Feature Binning

Feature binning is a method of turning continuous variables into categorical values. This is accomplished by grouping the values into a pre-defined number of bins. The continuous value then gets replaced by a string describing the bin that contains that value.

FeatureBinner supports both logarithmic and quantile binning strategies. If the strategy is logarithmic, bin break points are defined by by 10*i for i in [0,...,num_bins], where num_bins is a paramter passed to the constructor. For instance, if num_bins = 2, the bins become (-Inf, 1], (1, Inf]. If num_bins = 3, the bins become (-Inf, 1], (1, 10], (10, Inf]. If the strategy is quantile, the bin breaks are defined by the num_bins-quantiles for that columns data. Quantiles are values that separate the data into roughly equal-sized subsets.

Introductory Example

from graphlab.toolkits.feature_engineering import *

# Construct a feature binner with default options.
sf = graphlab.SFrame({'a': [1,2,3], 'b' : [2,3,4], 'c': [9,10,11]})
binner = graphlab.feature_engineering.create(sf, FeatureBinner())

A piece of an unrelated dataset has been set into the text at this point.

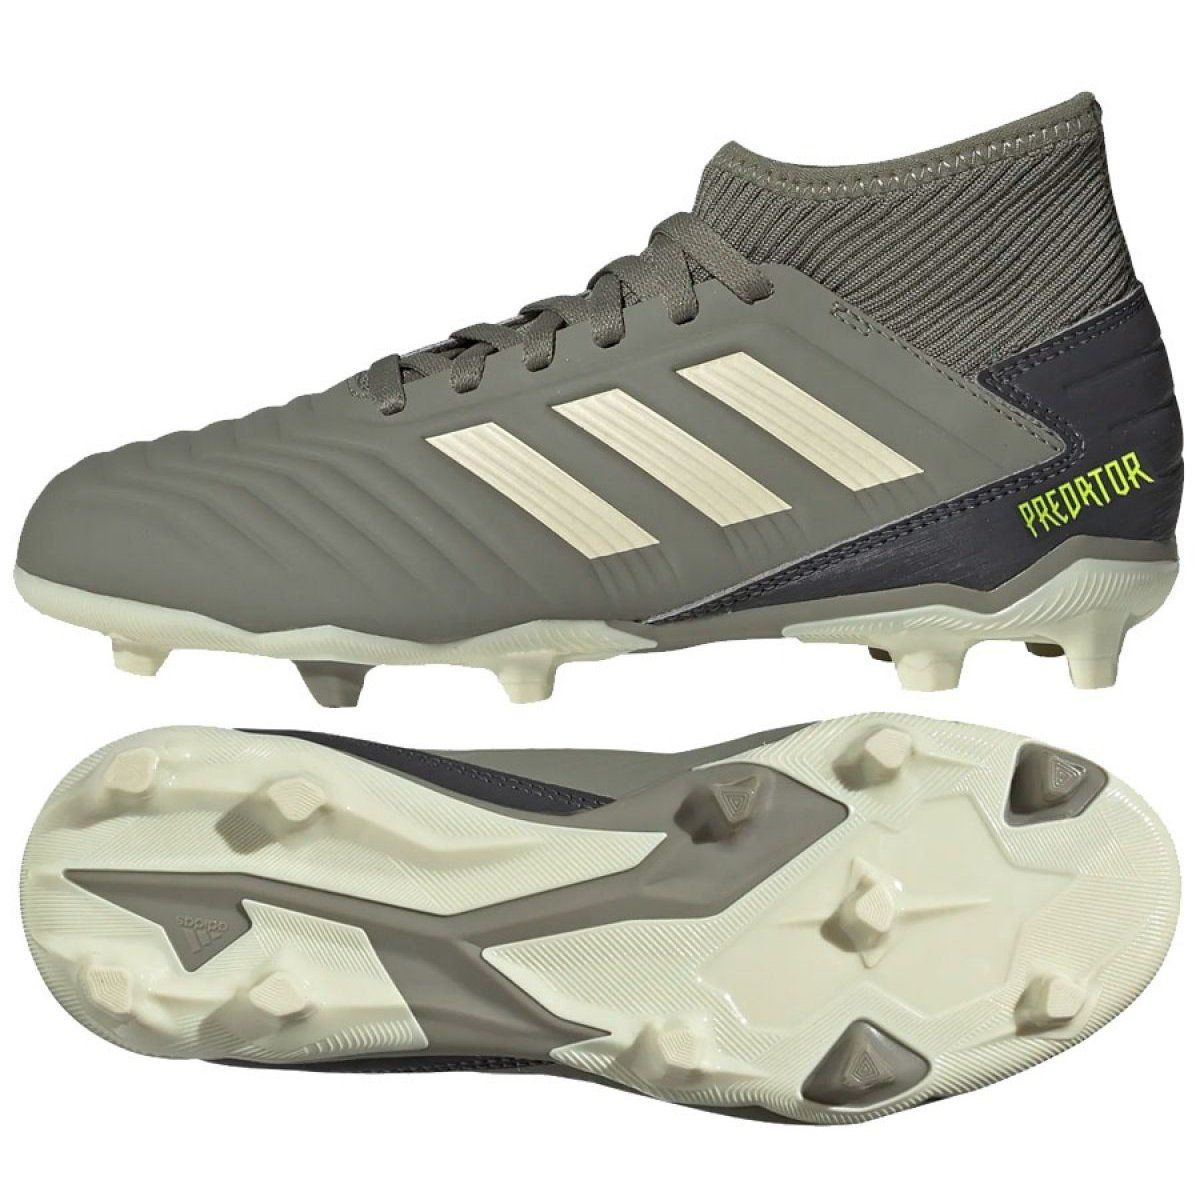 Buty Pilkarskie Adidas Predator 19 3 Fg Jr Ef8215 Szare Football Shoes Adidas Adidas Predator
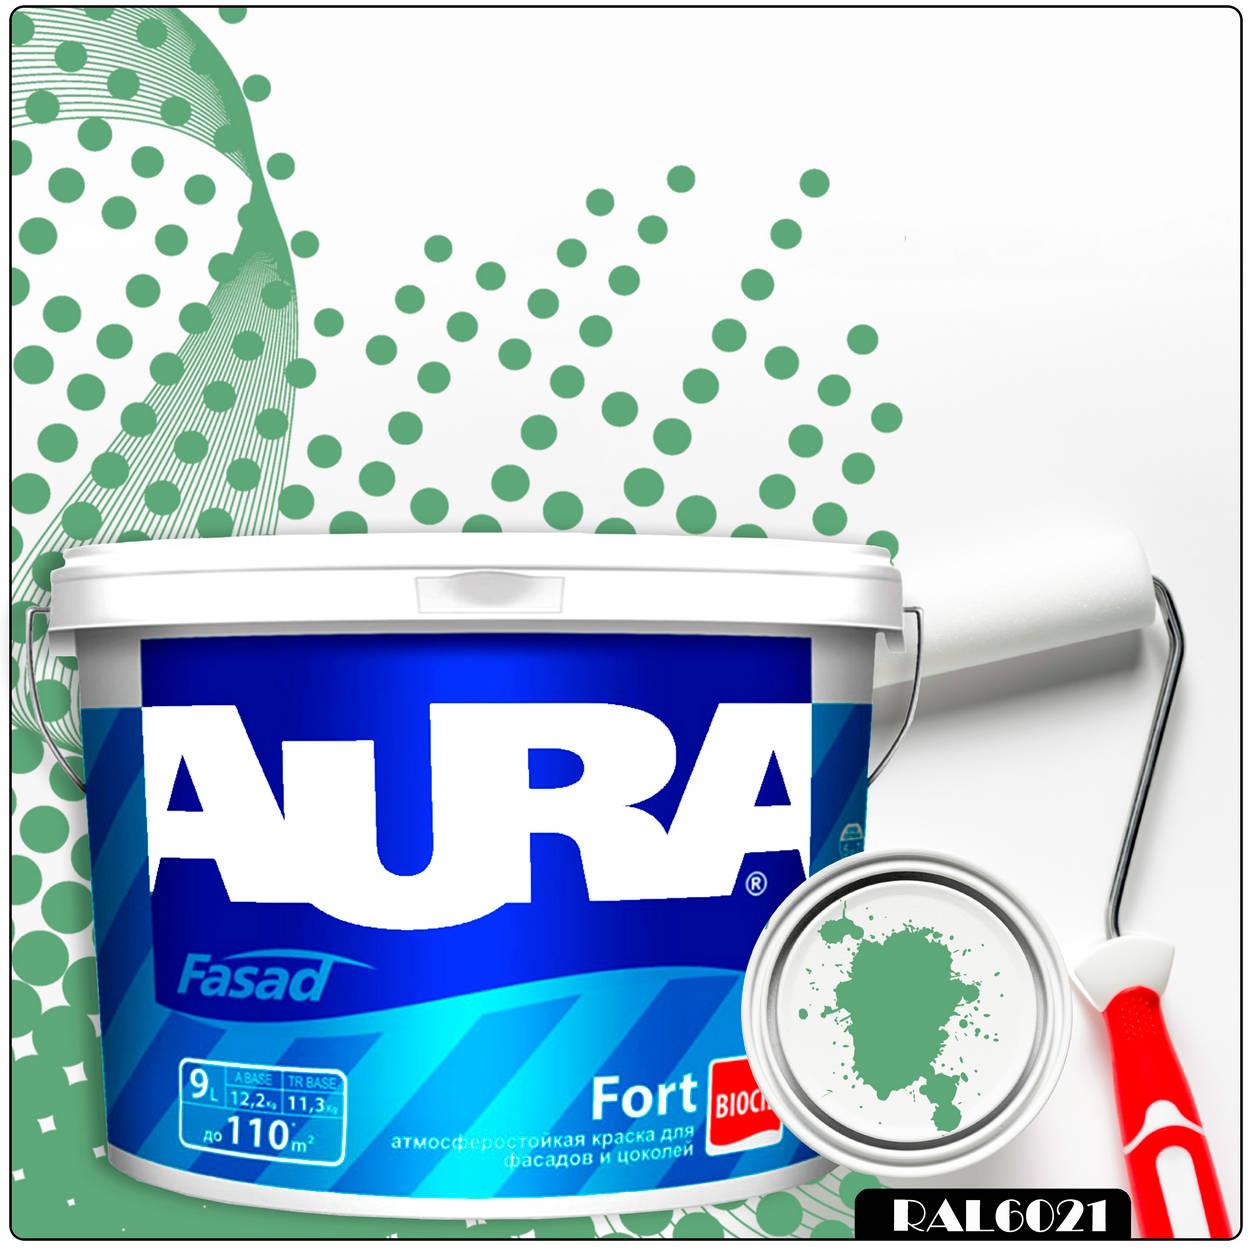 Фото 22 - Краска Aura Fasad Fort, RAL 6021 Бледно-зеленый, латексная, матовая, для фасада и цоколей, 9л, Аура.

# Transform the data using the binner.
binned_sf = binner.transform(sf)

# Save the transformer.
binner.save('save-path')

# Bin only a single column 'a'.
binner = graphlab.feature_engineering.create(sf,
                            FeatureBinner(features = ['a']))

# Bin all columns except 'a'.
binner = graphlab.feature_engineering.create(sf,
                            FeatureBinner(excluded_features = ['a']))

Fitting and transforming

Once a FeatureBinner object is constructed, it must first be fitted and then the transform function can be called to generate hashed features.

Logarithmic strategy:

sf = graphlab.SFrame({'a' : range(100), 'b' : range(100)})
binner = graphlab.feature_engineering.FeatureBinner()
fit_binner = binner.fit(sf)
binned_sf = fit_binner.transform(sf)

Columns:
         a   str
         b   str

 Rows: 100

 Data:
 +-----------+-----------+
 |     a     |     b     |
 +-----------+-----------+
 | (-Inf, 1] | (-Inf, 1] |
 | (-Inf, 1] | (-Inf, 1] |
 |  (1, 10]  |  (1, 10]  |
 |  (1, 10]  |  (1, 10]  |
 |  (1, 10]  |  (1, 10]  |
 |  (1, 10]  |  (1, 10]  |
 |  (1, 10]  |  (1, 10]  |
 |  (1, 10]  |  (1, 10]  |
 |  (1, 10]  |  (1, 10]  |
 |  (1, 10]  |  (1, 10]  |
 |    ...    |    ...    |
 +-----------+-----------+
 [100 rows x 2 columns]
 Note: Only the head of the SFrame is printed.
 You can use print_rows(num_rows=m, num_columns=n) to print more rows and columns.

Quantile strategy:

sf = graphlab.SFrame({'a' : range(100), 'b' : range(100)})
binner = graphlab.feature_engineering.FeatureBinner(strategy='quantile')
fit_binner = binner.fit(sf)
binned_sf = fit_binner.transform(sf)

 Columns:
         a   str
         b   str

     Rows: 100

     Data:
     +-----------+-----------+
     |     a     |     b     |
     +-----------+-----------+
     | (-Inf, 0] | (-Inf, 0] |
     |  (0, 10]  |  (0, 10]  |
     |  (0, 10]  |  (0, 10]  |
     |  (0, 10]  |  (0, 10]  |
     |  (0, 10]  |  (0, 10]  |
     |  (0, 10]  |  (0, 10]  |
     |  (0, 10]  |  (0, 10]  |
     |  (0, 10]  |  (0, 10]  |
     |  (0, 10]  |  (0, 10]  |
     |  (0, 10]  |  (0, 10]  |
     |    ...    |    ...    |
     +-----------+-----------+
     [100 rows x 2 columns]
     Note: Only the head of the SFrame is printed.
     You can use print_rows(num_rows=m, num_columns=n) to print more rows and columns.